Rank by severity. Critical = runaway cost or an ungated irreversible action. High = no termination cap, no recovery, no instrumentation. Medium = context bloat, weak retries, missing evals. Low = polish. Every finding cites evidence (a file, a log line, an absence) and names a concrete fix.

# Agent Reliability Audit: (agent name)

**Scope:** (harness + logs / logs only / black box)
**Worst action it can take:** (and whether it is gated)

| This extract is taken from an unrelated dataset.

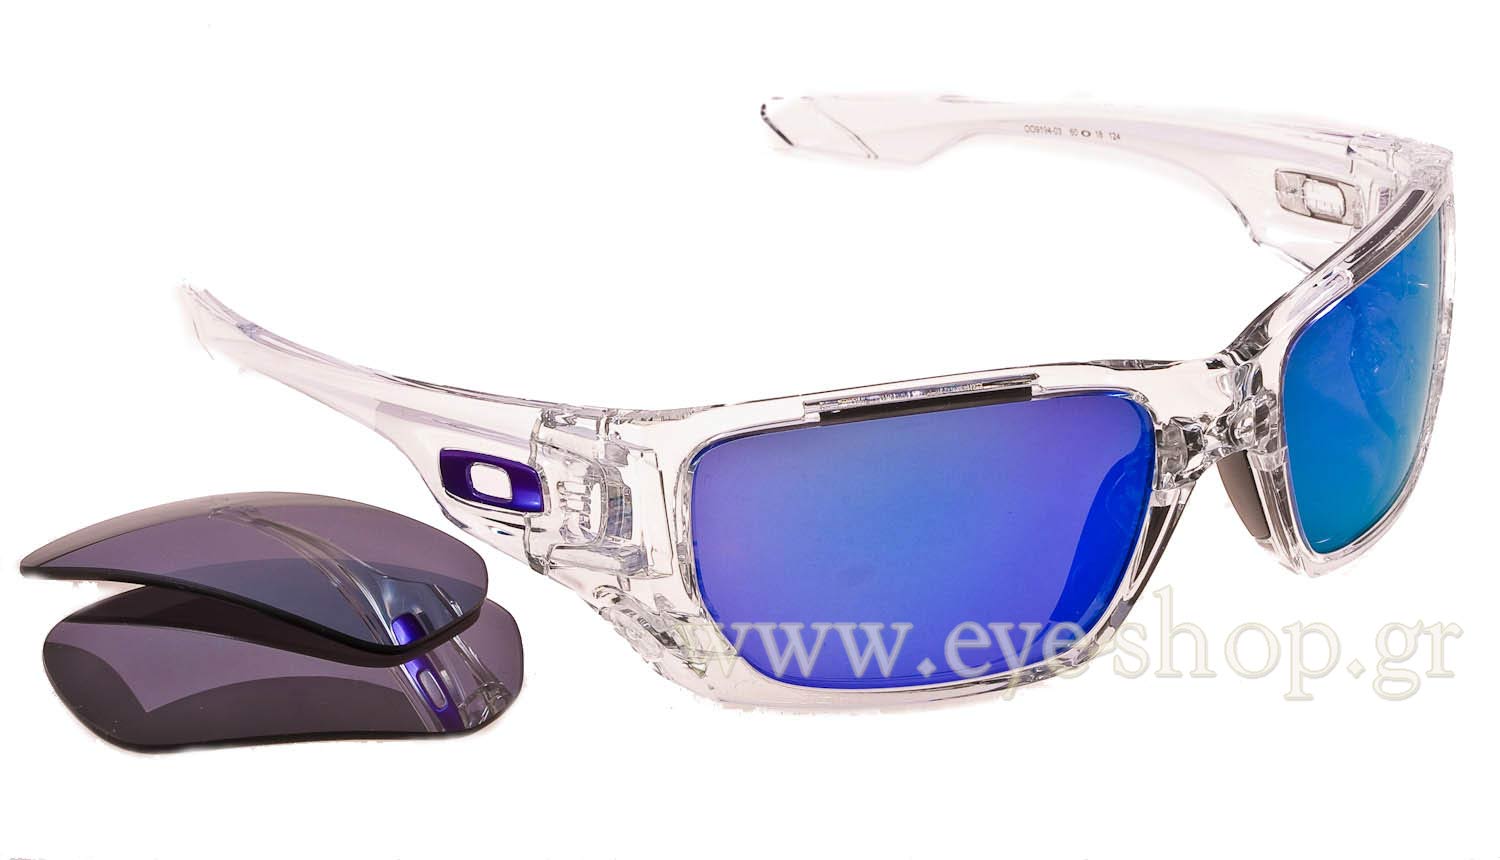 oakley style switch discontinued

## Findings (highest severity first)

| Finding | Severity | Evidence | Fix |
|---|---|---|---|
| No per-run cost cap; one loop ran to $N | Critical | trace #123, 600 steps, no halt | Add hard token+dollar budget that aborts the run |
| send_email gated only by prompt instruction | Critical | tools.py L40, no confirmation path | Move gate to harness: confirm or allowlist before send |
| No max-step cap on main loop | High | runner.py loop, no counter | Add max-step limit with forced summary on hit |
| Tool errors throw and kill the run | High | logs show crash on 502 | Return error to model as a result; retry-with-backoff |
| No per-step traces | High | only final output logged | Instrument per-step input/output/tool/error before other fixes |
| Context never pruned; window grows unbounded | Medium | trace token count climbs each step | Prune stale tool results, summarize finished sub-tasks |
| No evals gating changes | Medium | no eval suite in repo | Add trajectory eval via /agent-eval-harness |

## Top 3 to fix first
1. (the catastrophic, ungated one)
2. (the runaway-cost one)
3. (the instrumentation gap everything else depends on)

## Open questions
- (anything blocked by lack of access, marked )

Step 8: Review

Ask the user:

  • Is the worst action this agent can take gated in the harness, not just discouraged in the prompt?
  • On a bad day, how does the loop end and what stops the bill?
  • Could you reconstruct a single expensive or wrong run from the logs alone? If not, instrumentation is finding one.
  • Is "it seemed fine" the only test, or is there an eval that would catch a regression?

Anti-patterns

Anti-patternWhy it failsDo instead
Auditing the model firstBurns time tuning prompts and swapping models when the loop is the problemAudit termination, state, and gates before touching the model
Treating accuracy as the top findingRanks a wrong answer above an ungated payment or runaway loopRank cost and irreversible-action risk highest, always
Trusting prompt-level gates"Please confirm before deleting" is not a controlVerify the gate lives in the harness code, not the instructions
Auditing without logsFindings are guesses dressed as conclusionsIf there are no traces, make instrumentation finding one and mark the rest inferred
Calling it safe with no cost capOne bad loop runs up an unbounded billRequire a per-run token and dollar budget that halts the run
Observability without evalsYou can watch regressions ship but never block themPair monitoring with a trajectory eval that gates changes

Output location

Present the prioritized findings list as formatted text in the conversation for the user to copy into their audit doc or ticket tracker.